#### EXERCISE AIM
Among the records below, find the line with "23rd International Symposium on Diabetes" and the line with "G-BFPH, 1971 Reims". Set down both and every line between, exactly and with no pictures, but nothing else.

#### EXERCISE MATERIAL
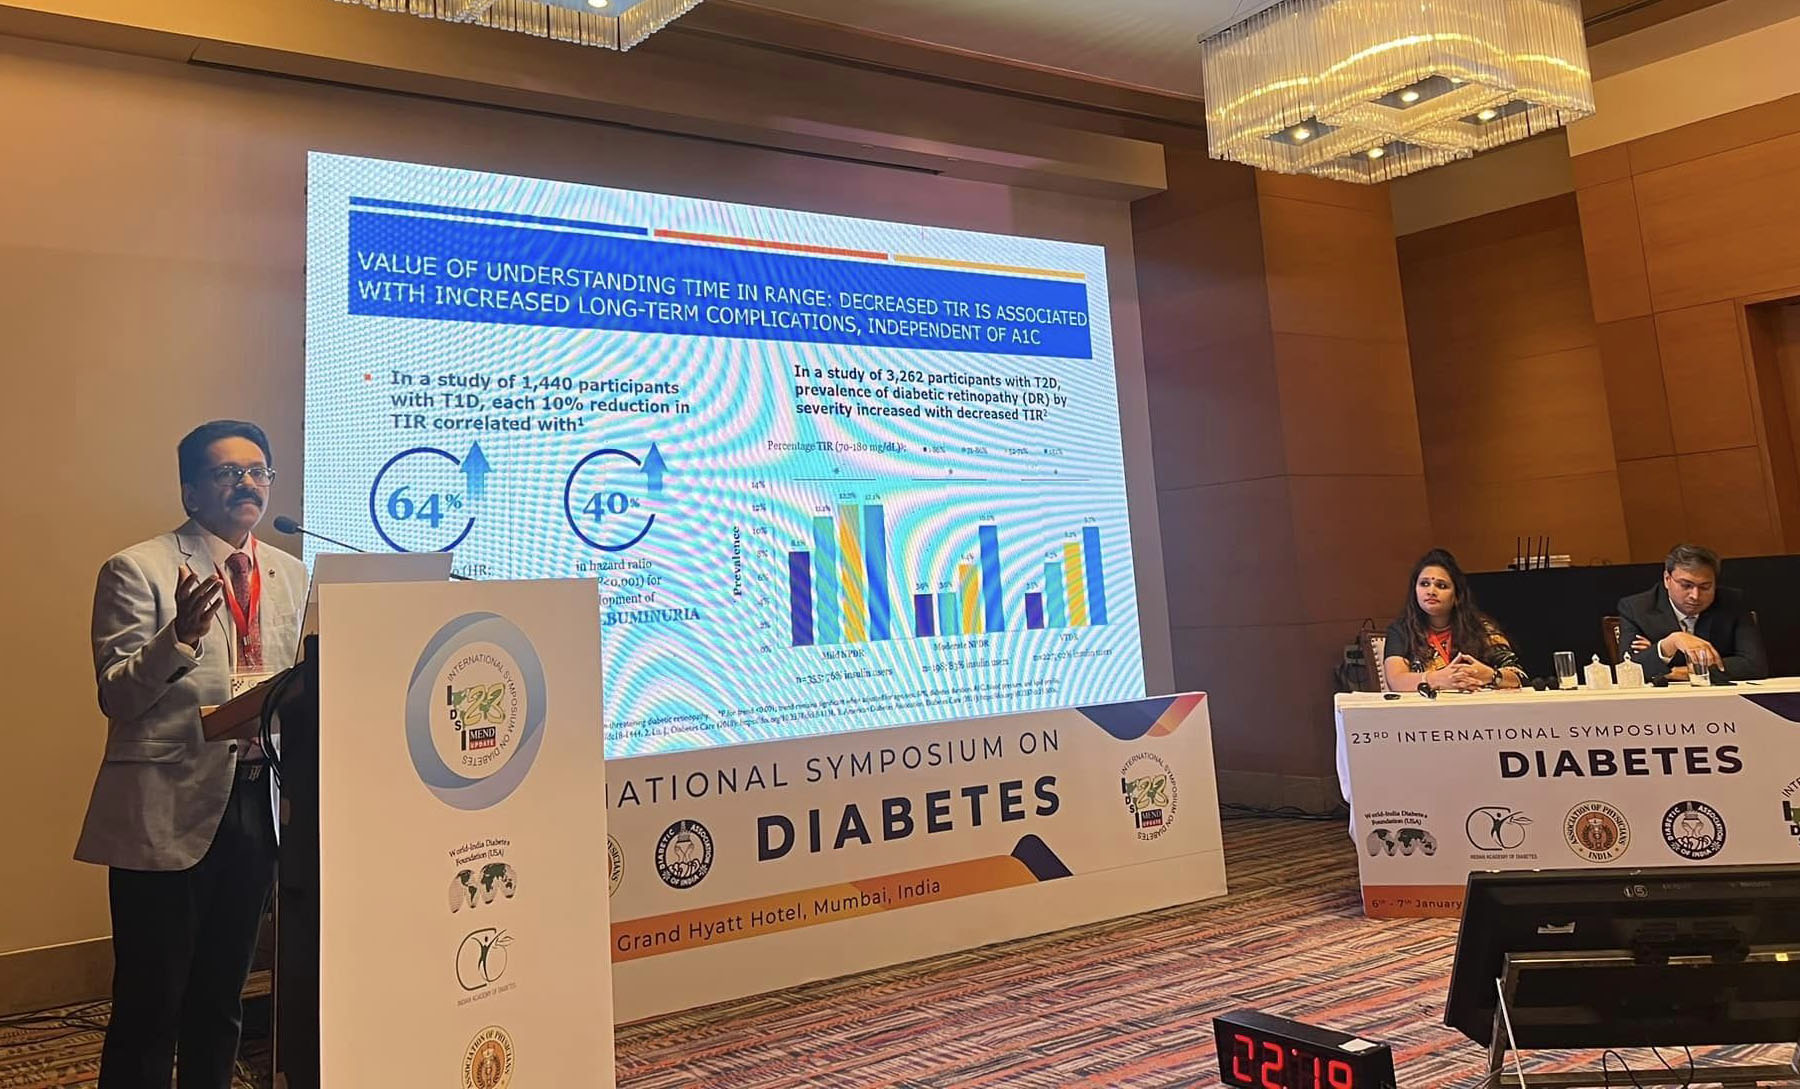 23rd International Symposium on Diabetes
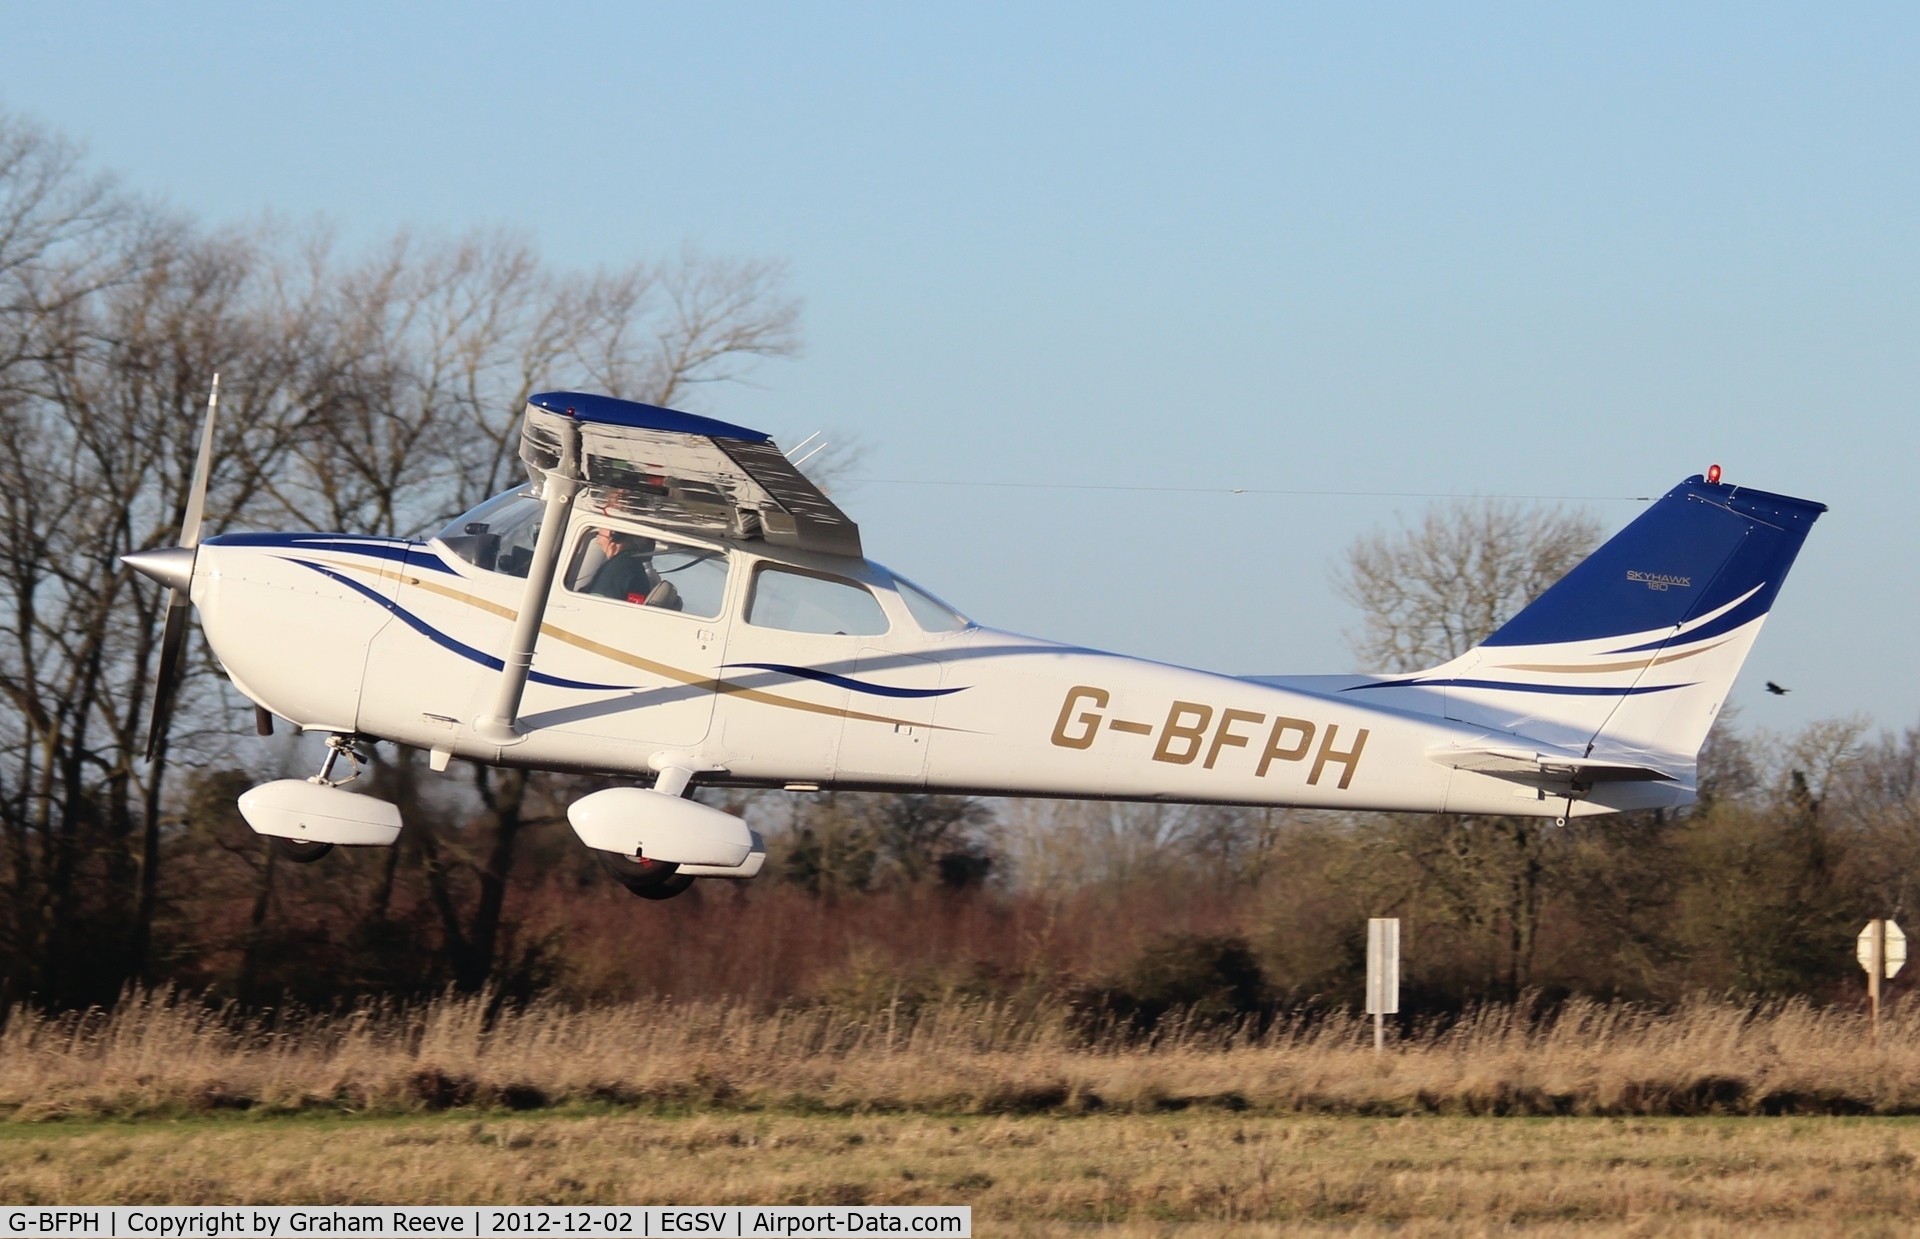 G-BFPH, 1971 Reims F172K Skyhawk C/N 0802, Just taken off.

---

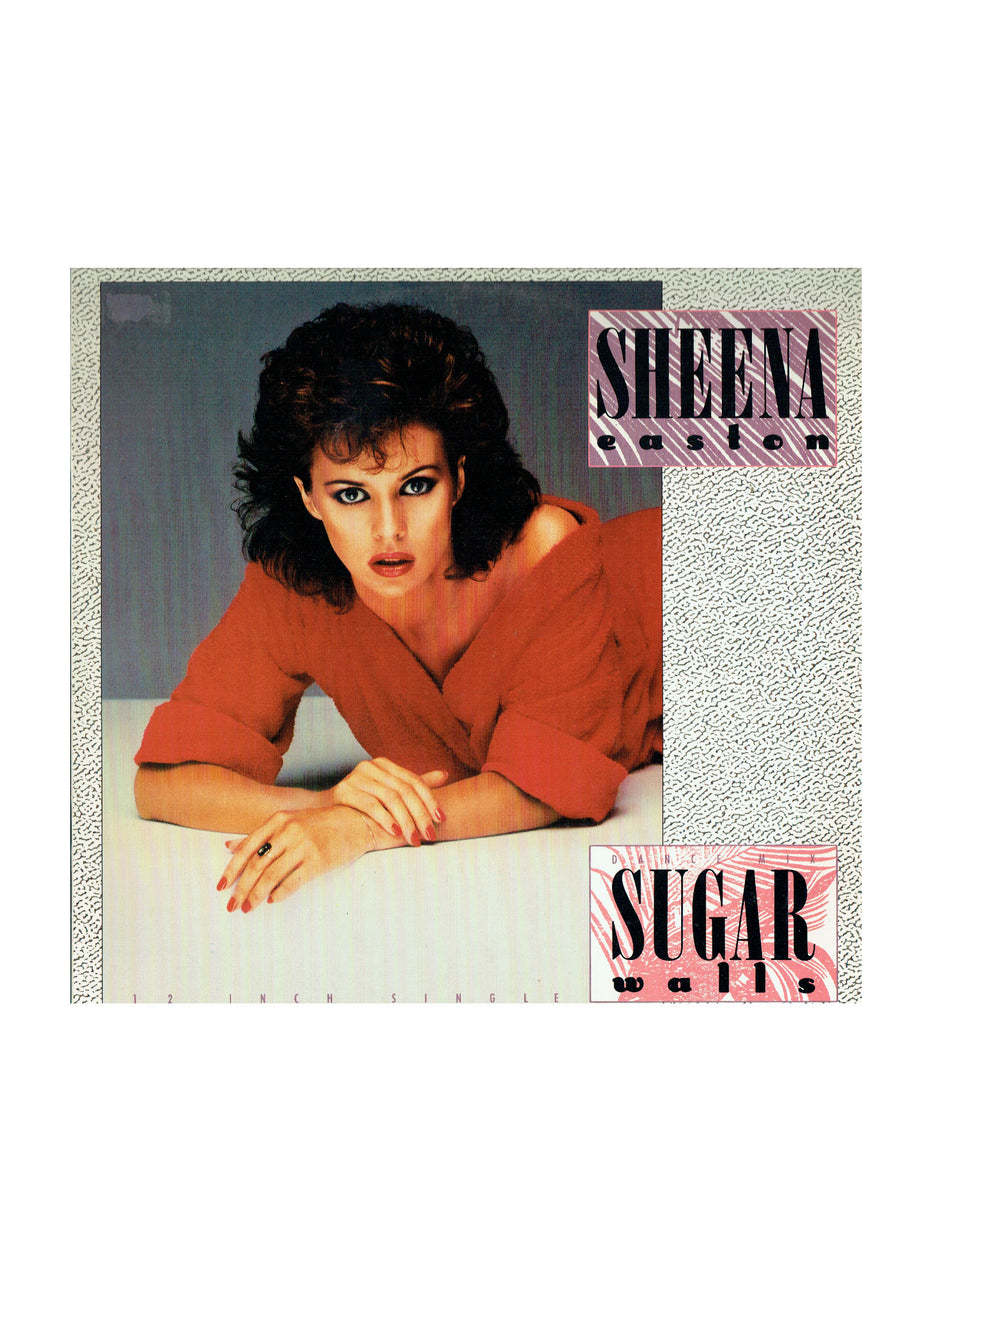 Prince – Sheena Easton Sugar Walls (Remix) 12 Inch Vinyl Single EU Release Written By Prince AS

#### RESPONSE
 23rd International Symposium on Diabetes
 G-BFPH, 1971 Reims F172K Skyhawk C/N 0802, Just taken off.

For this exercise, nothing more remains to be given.